Угрюмка молчал, раздумывая.
— Тот приказчик дальше Тюмени не ходил! — усмехнулся Третьяк. — Лет уж двадцать в здешних местах живет.
* * *
После встречи с братом и со станичниками все валилось из рук Ивашки Похабы: стал коня запрягать — поставил в оглобли без хомута. Монахи удивленно переглядывались, но ни о чем не спрашивали. А Ивашке вспоминалось детство. Не любил он прошлой жизни — думал, что зря те годы в злобе потерял. До заточения, едва подступались всякие воспоминания, старался напиться вином или рвался в бой. Нынче молился и работал с остервенением, пока не обвисали руки. А прошлое исподтишка, крадучись, подступалось, нашептывало о себе…
Дед Ивашки, сорванный опричниками с родной земли, так и не смог заново пустить корни. Бобылем
[25]
мотался по городам и острогам, теряя родню и оставляя по посадам подраставших детей. Бродничал так с редеющей семьей, пока в преклонные уже годы не пристал с последним, младшим сыном к городу Серпухову. Там, в посаде, дали ему пустовавший дом с посильным тяглом да с наказом: при осаде города дом тот и другие дома поджечь.
Здесь вырос последний дедов сын — Ивашкин отец, прозванный за безудержное буйство Похабой. Здесь он женился на такой же крикливой и нахальной девке без роду без племени. За горячность и вспыльчивость Похабу часто бивали посадские и горожане. Дед, похоронив бабку, прилепился к непутевой сыновьей семье, терпеливо снося брань и попреки.
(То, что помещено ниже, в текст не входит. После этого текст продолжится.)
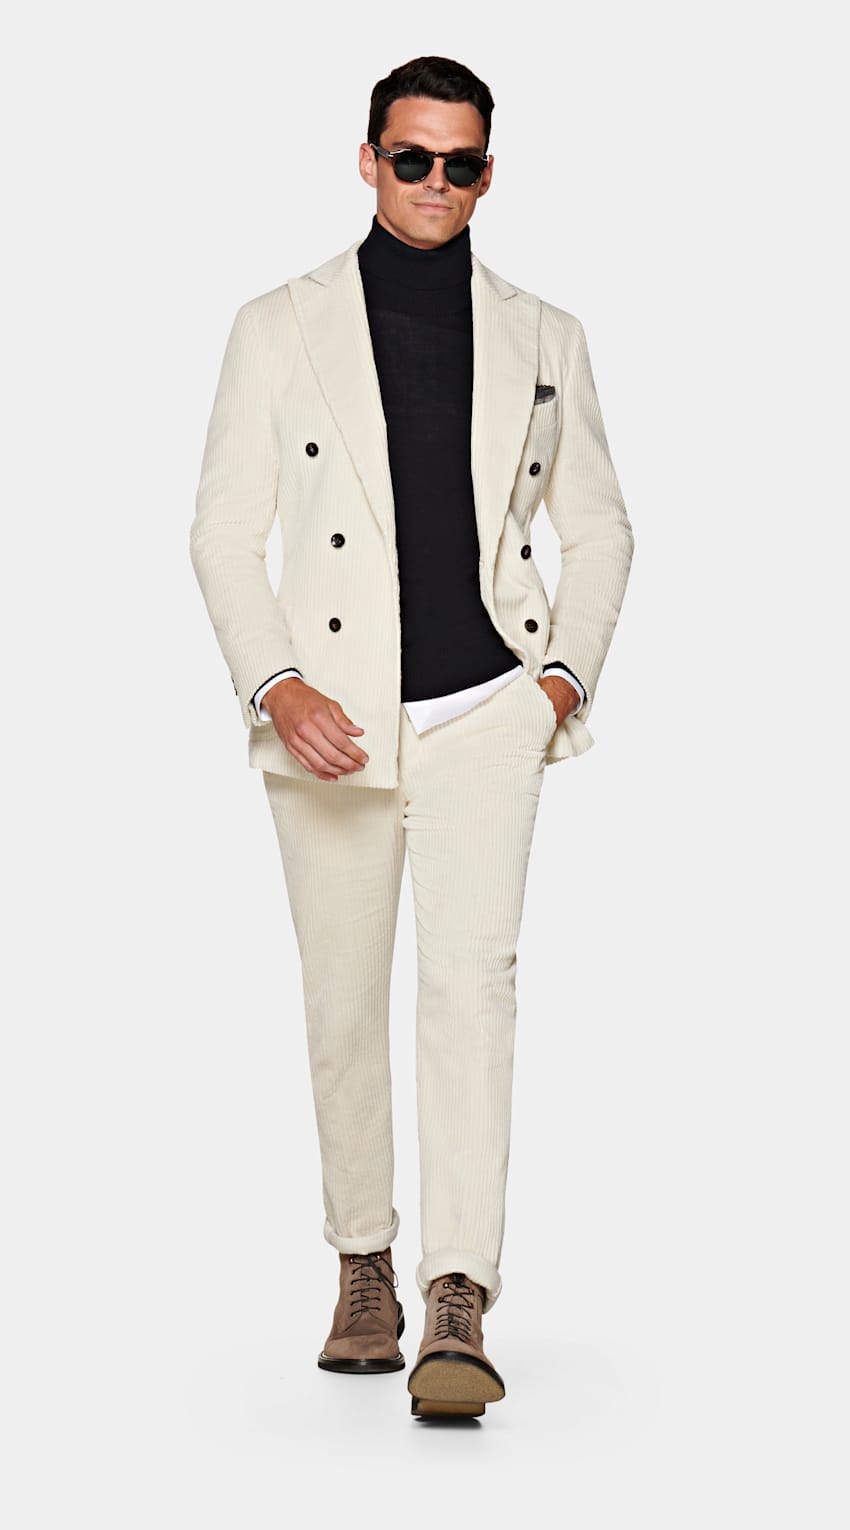 SUITSUPPLY  by Pontoglio, Italy Off White Havana Suit
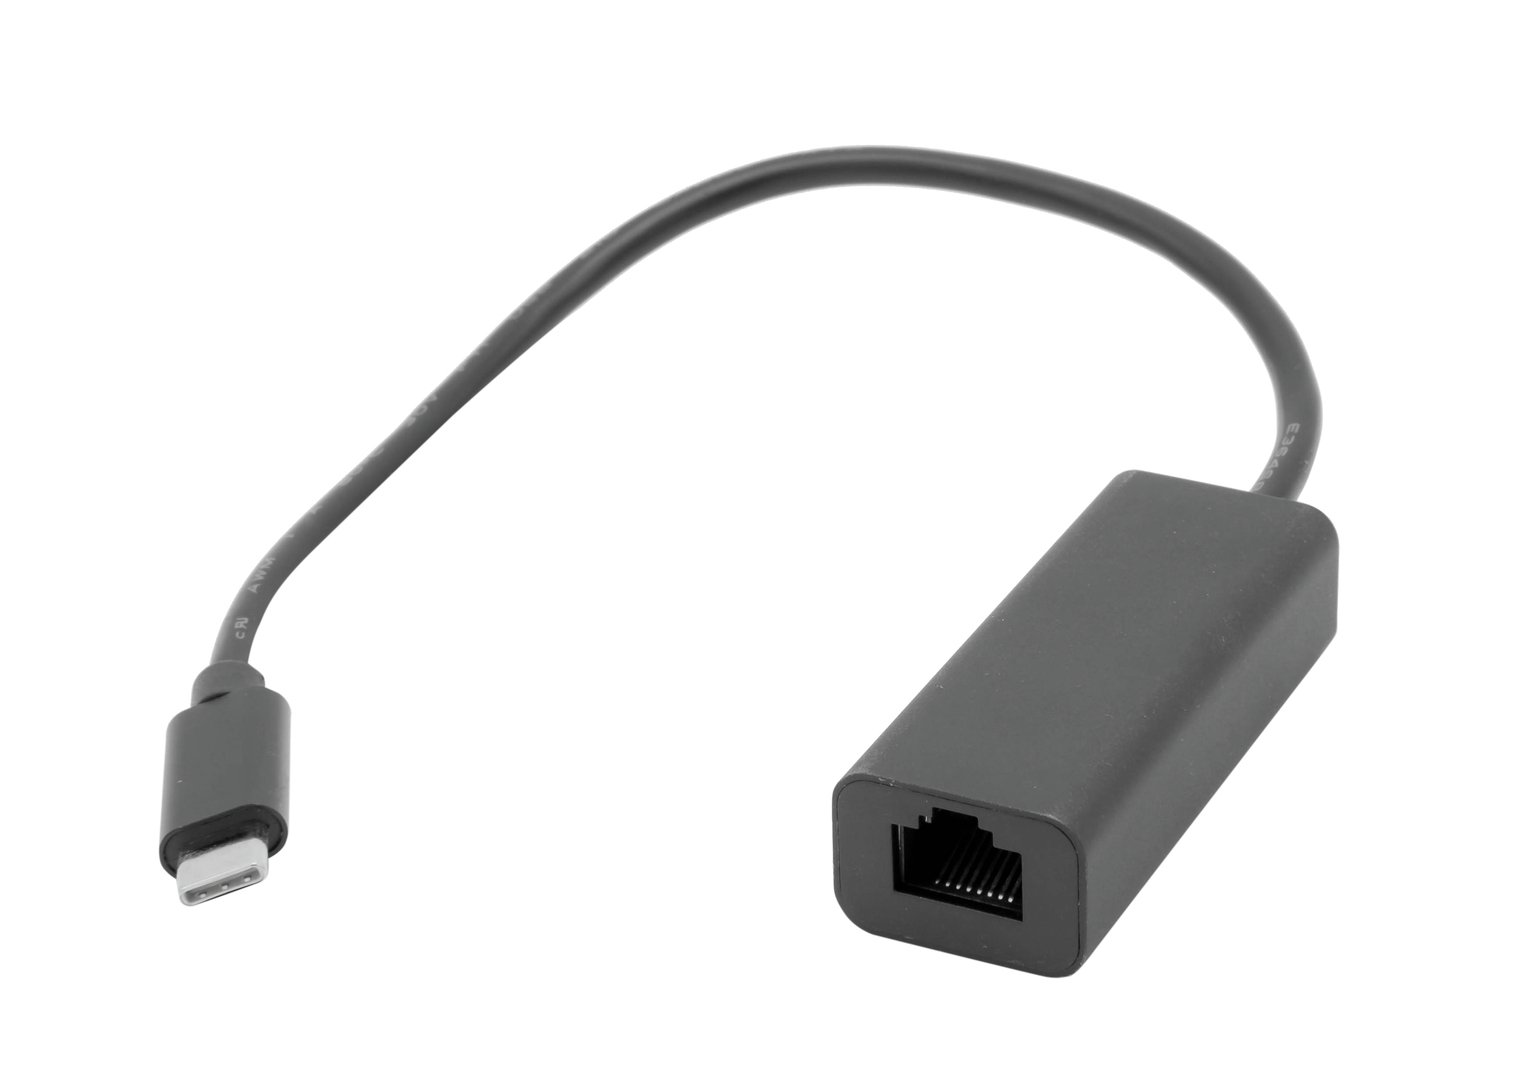 Dynamode USB-C LAN Adaptor Review

Сколько помнил себя Ивашка, родители или дрались, или ругались. Мать то и дело подстрекала детей против отца, ожидая, когда они подрастут и станут вместе с ней колотить его.
Всю-то Ивашкину жизнь были моры, засухи, голод и поветрия, косившие людей сотнями. И в умах у всех была смута. Вчера еще казавшиеся добропорядочными, соседи вдруг без всякой причины бросали тягло, начинали бродяжничать, юродствовать и пророчествовать; смиренные попы вдруг срывались в богохульство, оставляли приходы и с кистенем под рясой чинили разбой, одни из горожан за грош душу бесу закладывали, другие бескорыстно раздавали все, что нажито.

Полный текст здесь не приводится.